(As printed in the Quarter 2/06 Issue of The Belly Dancer Magazine)
Sausan, Egyptian Dance
Seattle, WA, October 2005
By: Roxelana
October 15 & 16th, a handful of lucky dancers gathered at the Hiawatha Community Center in West Seattle to learn classical Egyptian dance from Sausan. This incredible teacher was dragged from her San Francisco academy by Jaleh to teach us Puget Sounders her Code of dancing. Sausan crammed six months of classes into two four hour sessions. The fact that my brain didn't explode at the end of the first day is a testament to her style of teaching.
Sausan refers to such Egyptian greats like Samia Gamal, Taheya Carioka, Na'eema Akef, Nagua Fouad, and Fifi Abdou like old friends, demonstrating at a drop of a hip their various signature moves. If you've ever seen the old movies, you know them. I came away from this weekend wanting to stop at Scarecrow videos and check out the old movies and spend the rest of the week watching the dancers do what I just learned.
At the beginning of the weekend, Sausan explained her "Egyptian Code". Her aim is to preserve the classic Egyptian style of dancing, the same style you see in the old movies. While the dancing is gorgeous and fluid, it is different from what's being taught nowadays. Today, and especially in the West, the on isolations, articulations and accents. If you were to watch some of the old Egyptian movies, you’d notice the dancing is more in the torso than the hips.
That's the first, and main, rule of Sausan's Egyptian Code. "Dance from the heart." Specifically, dance from the chest. Sausan turned everyone in the workshop into human metronomes by the end of the first day, lifting our chests on the first and third beat of the music.

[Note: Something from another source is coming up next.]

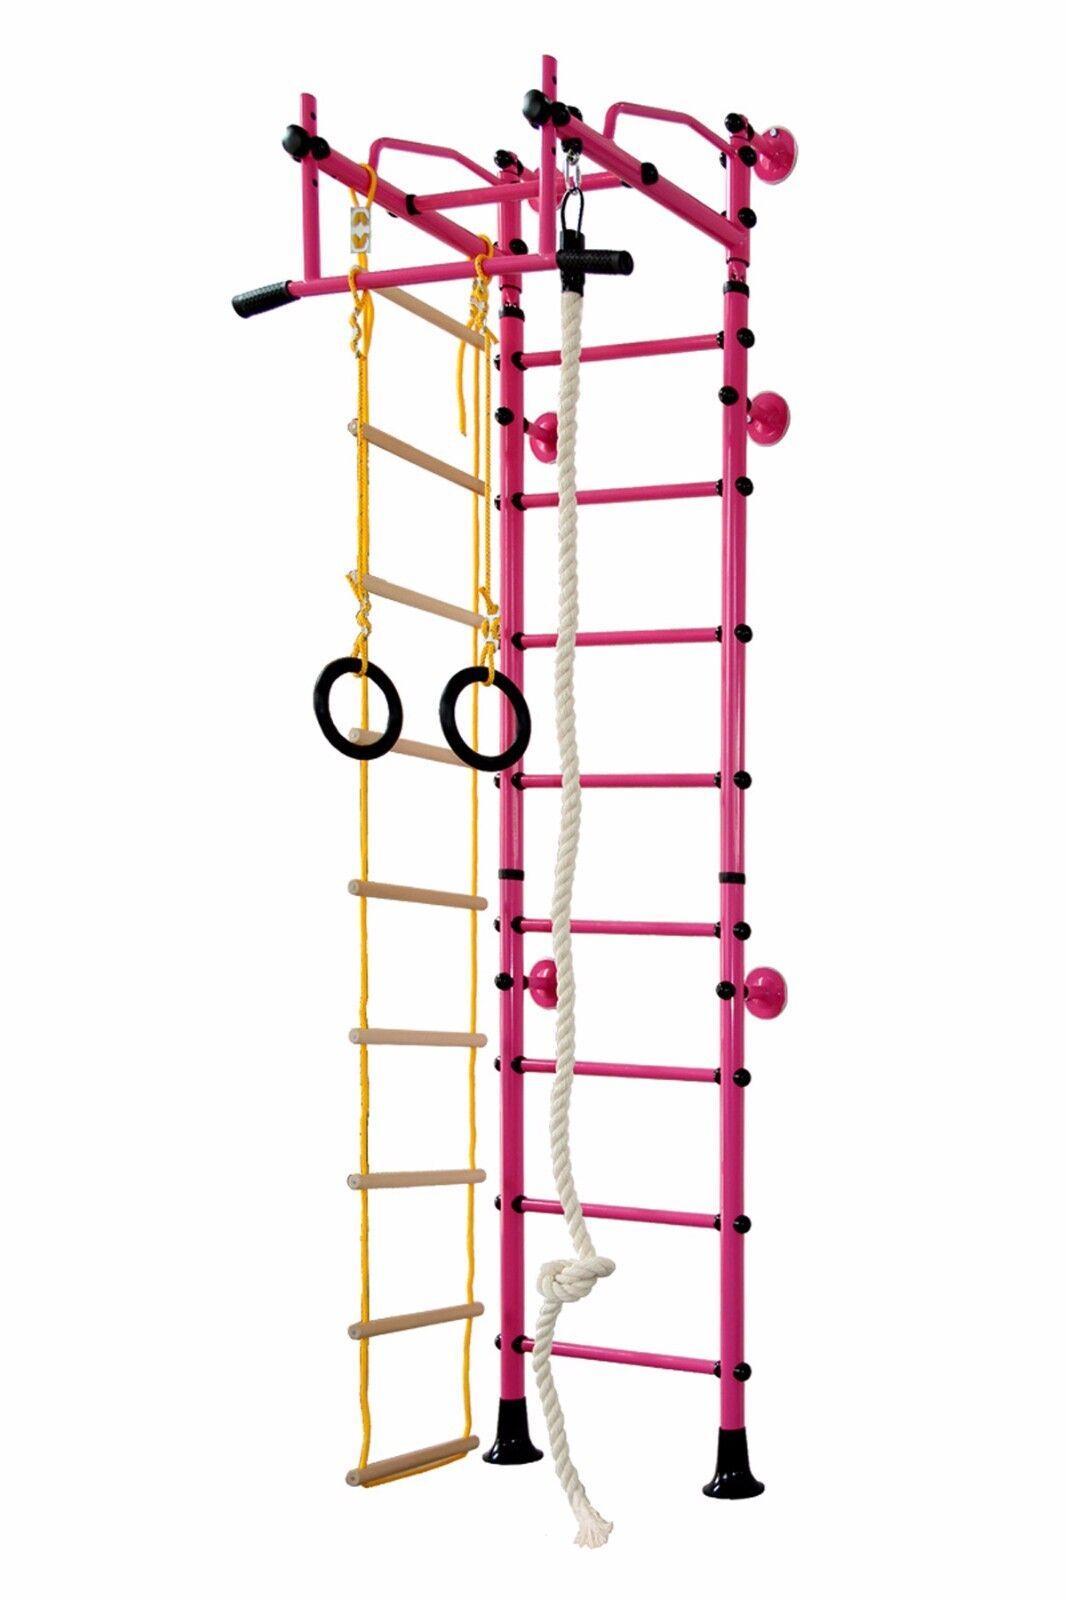 Klettergerüst Sport Kinder Kletterwand Sprossenwand Made in Germany - FitTop M2

After the break, Sausan introduced the lower body movements. We did grapevines, side steps, and something she called an Egyptian shimmy, all with the bobbing bosom. You'd think the chest would stop moving when you focus on the hip, but Sausan's style is not about isolating body parts. It's about containing and controlling them. The energy may be going to the hips, but that chest is still lifting with the first and third beat, the arms still gathering the energy for you to use. Classical Egyptian is, as I mentioned, a fluid dance; there's very little standing still, posing, hitting an accent, traveling to a second spot, posing, etc. There are accents and poses, but not as much as what's being taught today.
Sausan also pointed out where the beats are in the rhythms - good transition times, when to undulate up and when to undulate down. She also gave a taste of her class on drum solos. (I hope she visits again to teach that class; it sounds fabulous!)

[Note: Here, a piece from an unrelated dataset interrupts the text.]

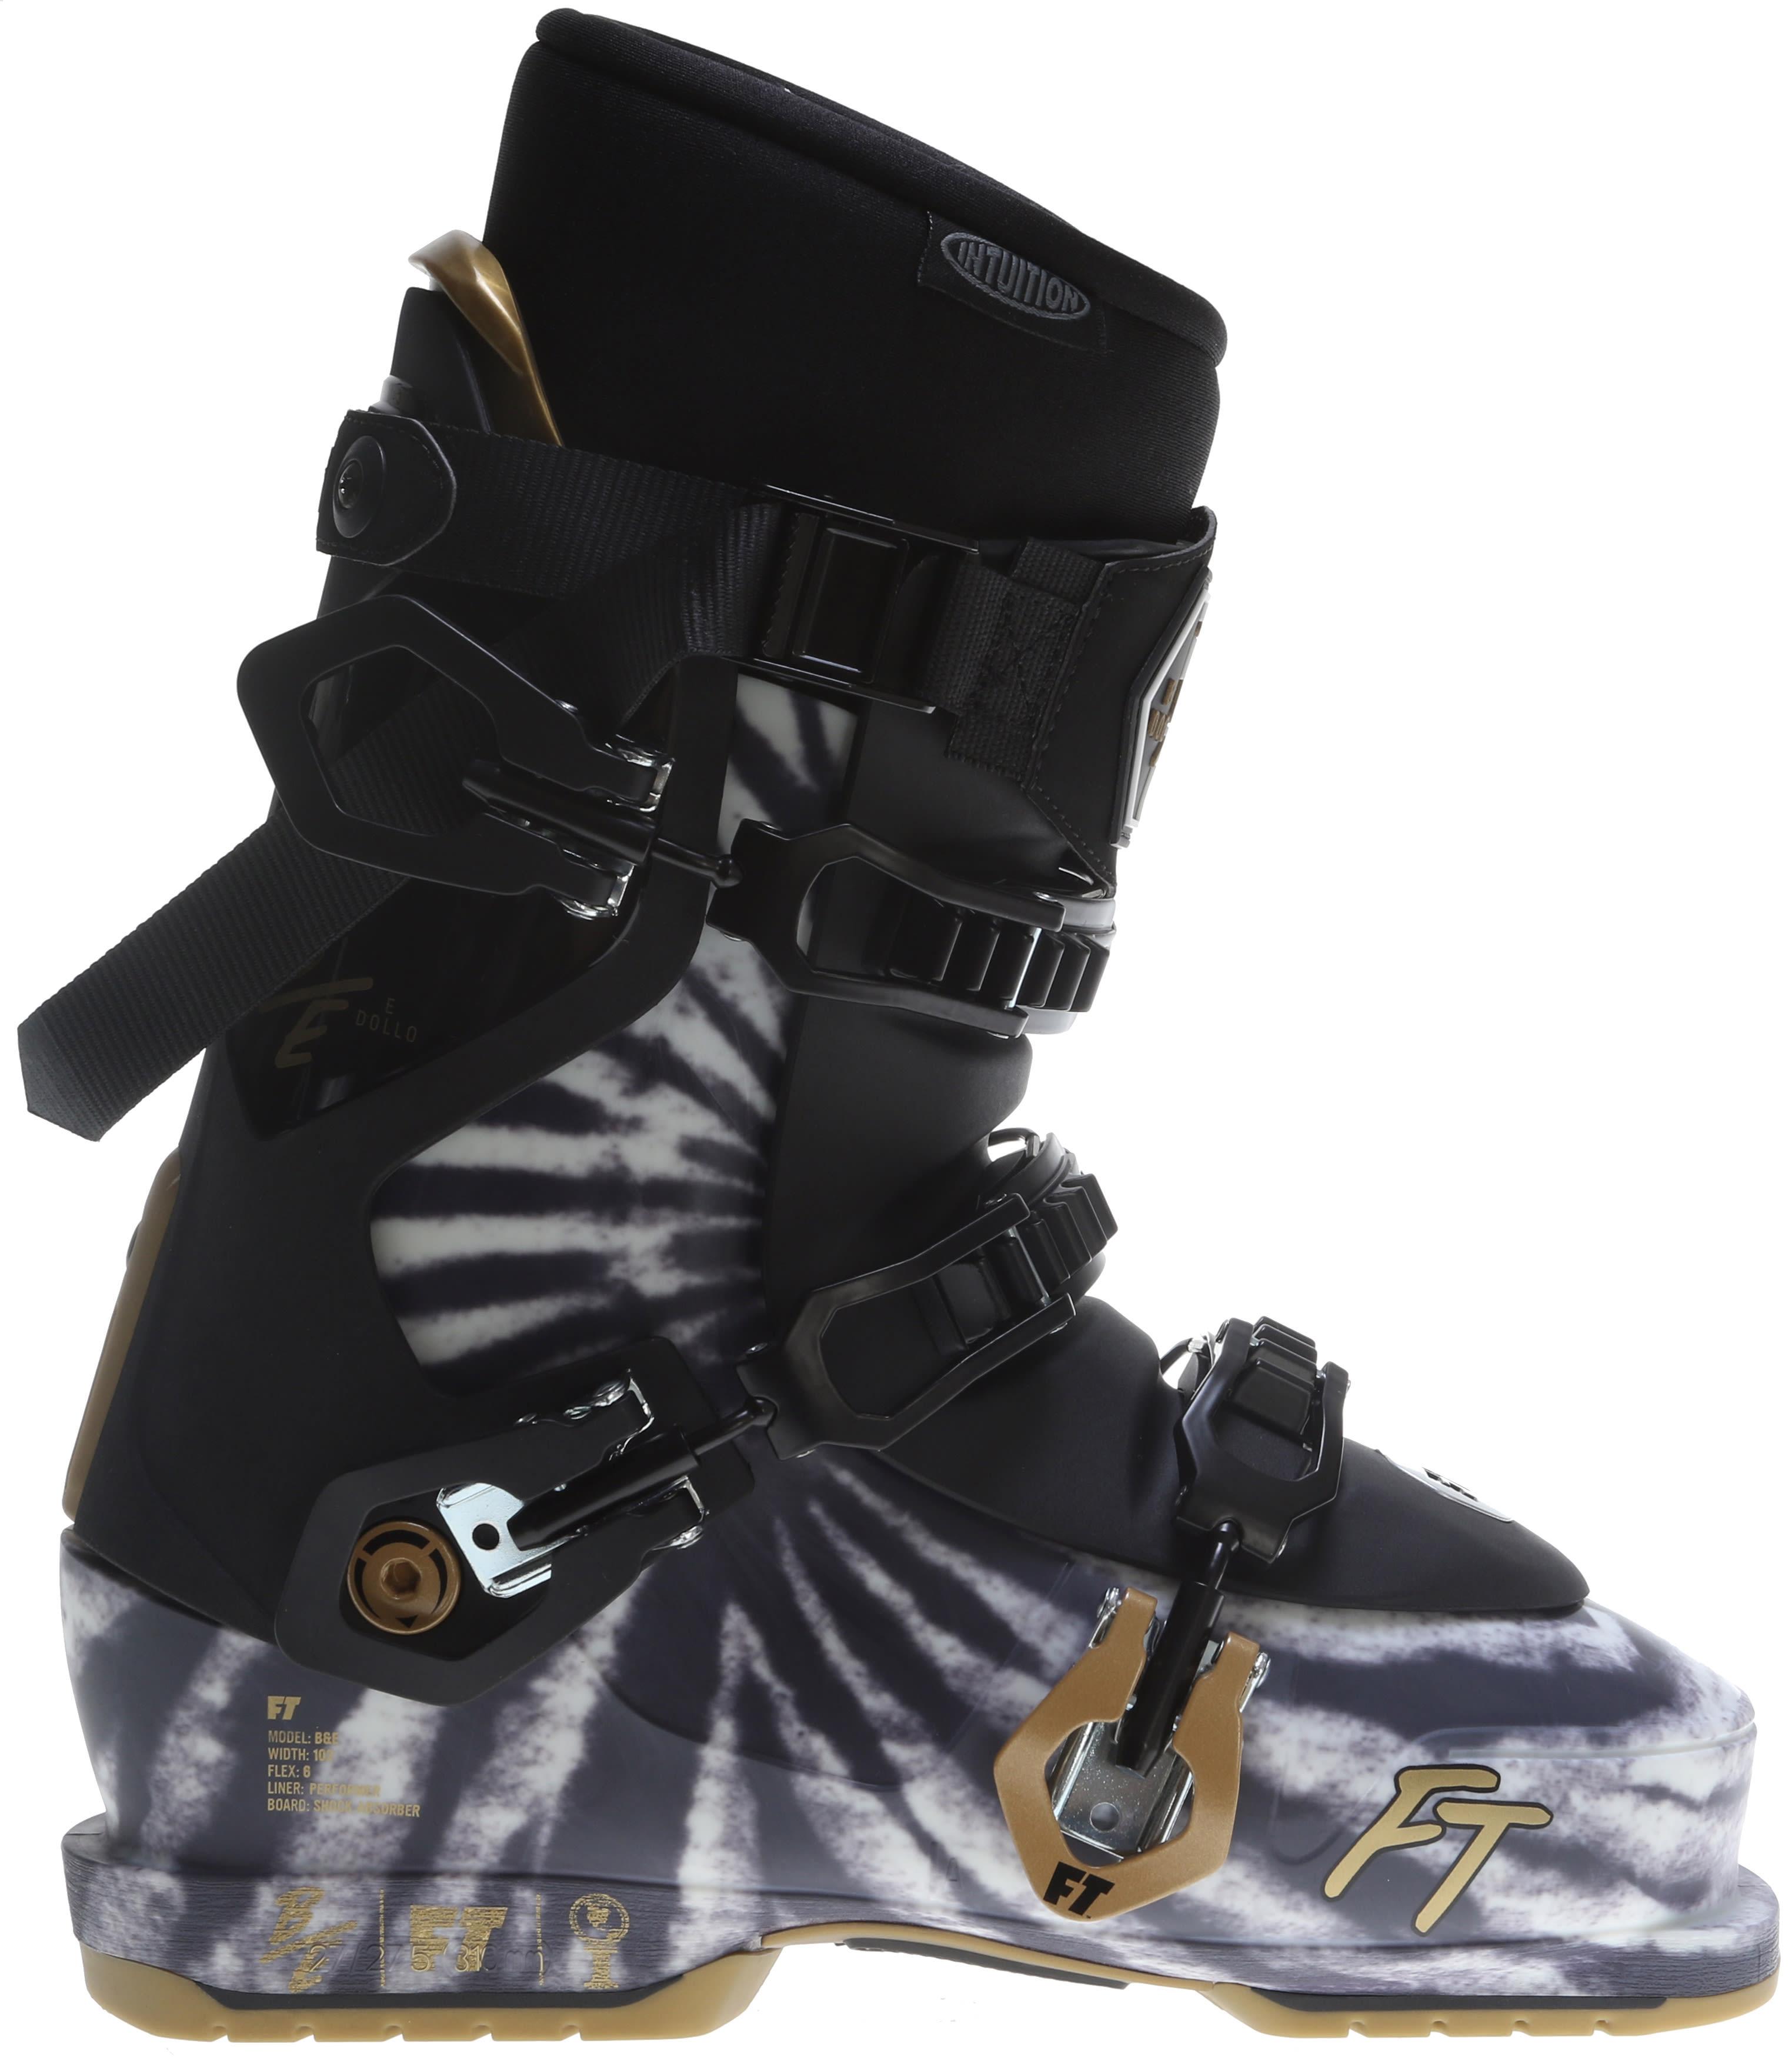 On Sale Full Tilt Ski Boots - Downhill, Alpine Ski Boots

While Egyptian dance doesn't need to be choreographed - like all forms of belly dance, once you know the basic building blocks, you can create a work of art as you go - it really helped me to have something I could practice the Code with at home.
With this beautiful routine, Sausan covered everything she taught the day before, plus more. What more? Well, how about the hand movements (dominant hand turns counterclockwise when doing torso work; it turns clockwise with hip work), the Royal walk (the only move I am still struggling with), the soliloquy (which is a more descriptive term for taqsim), the entrance and the nephis, the essence of the dance?

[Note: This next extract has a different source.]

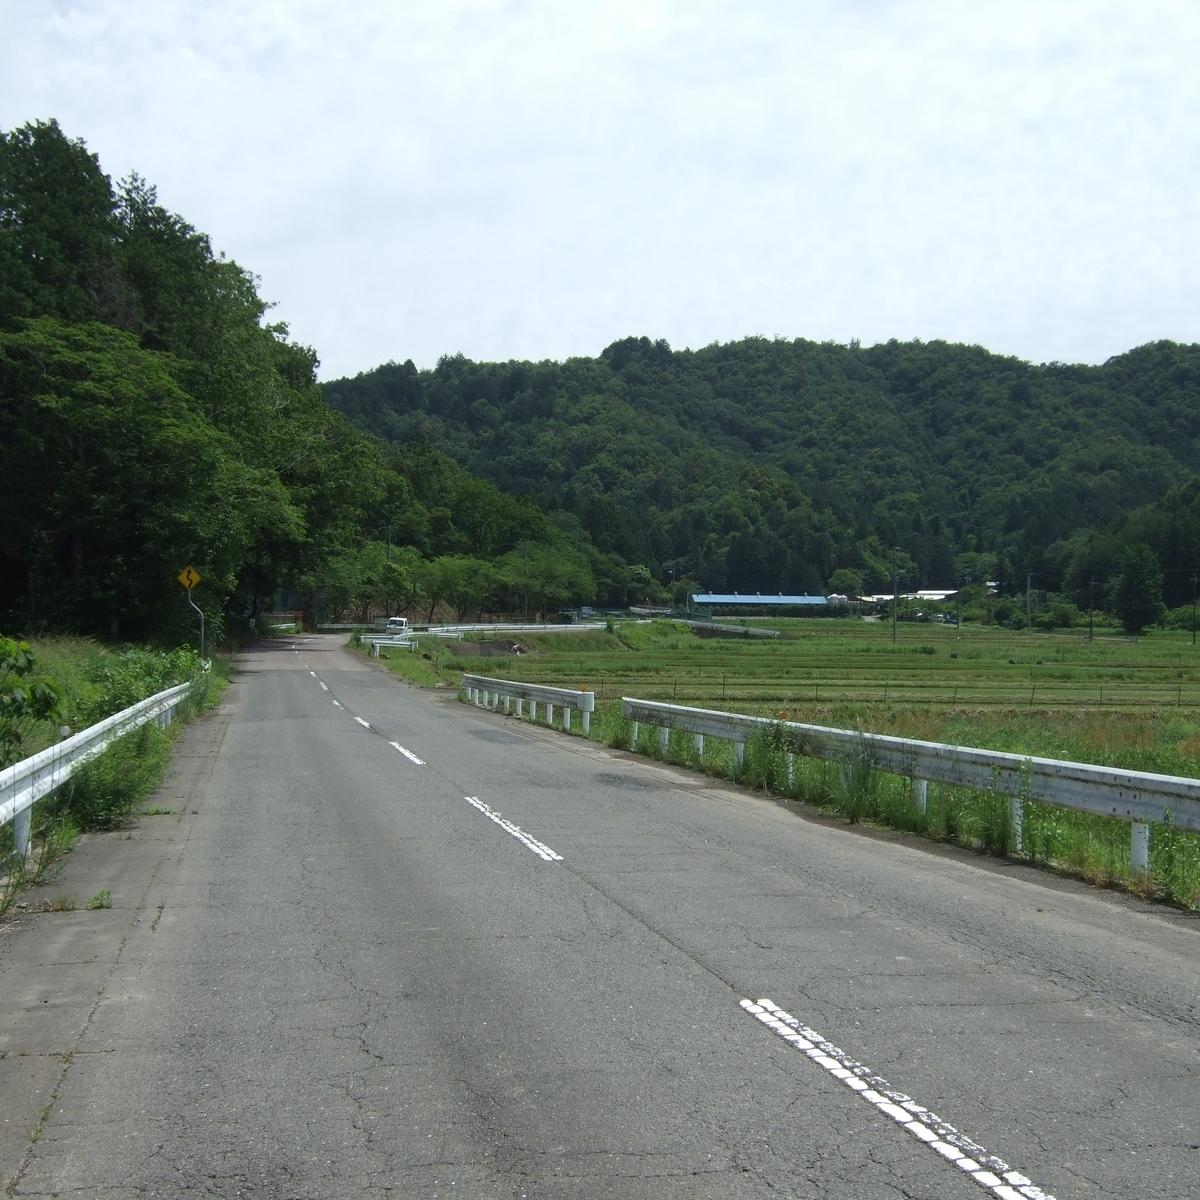 f:id:yoshijiji:20210529165211j:plain

Throughout the entire weekend, which included a fun evening out at Mamounia with half of the Saturday participants, Sausan was friendly, open, upbeat and free with information. She countered the usual workshop oh my God, Ii can't do this!" panic with the permission to relax and let our brains process the information. The relaxed attitude allowed the information to percolate through the many layers of our brain, right down to our chests and hips.
If you are interested in learning the classic Egyptian style or just looking to bring a sense of lightness and joy into your dance, I cannot recommend highly enough Sausan. Since I'm not sure when she'll come back to the Puget Sound and I doubt any of us could afford to commute to San Francisco for her weekly classes for half a year, I think you should take the week-long session. Not only do you learn all we did over the weekend, you get to eat at Sausan's restaurant.
Mmmm, good food and good dancing? What else do you need? For more information, go to her website at: http://www.sausanacademy.com/
Thank you, Sausan, for sharing your knowledge. Thank you, Jaleh, for bringing her to West Seattle.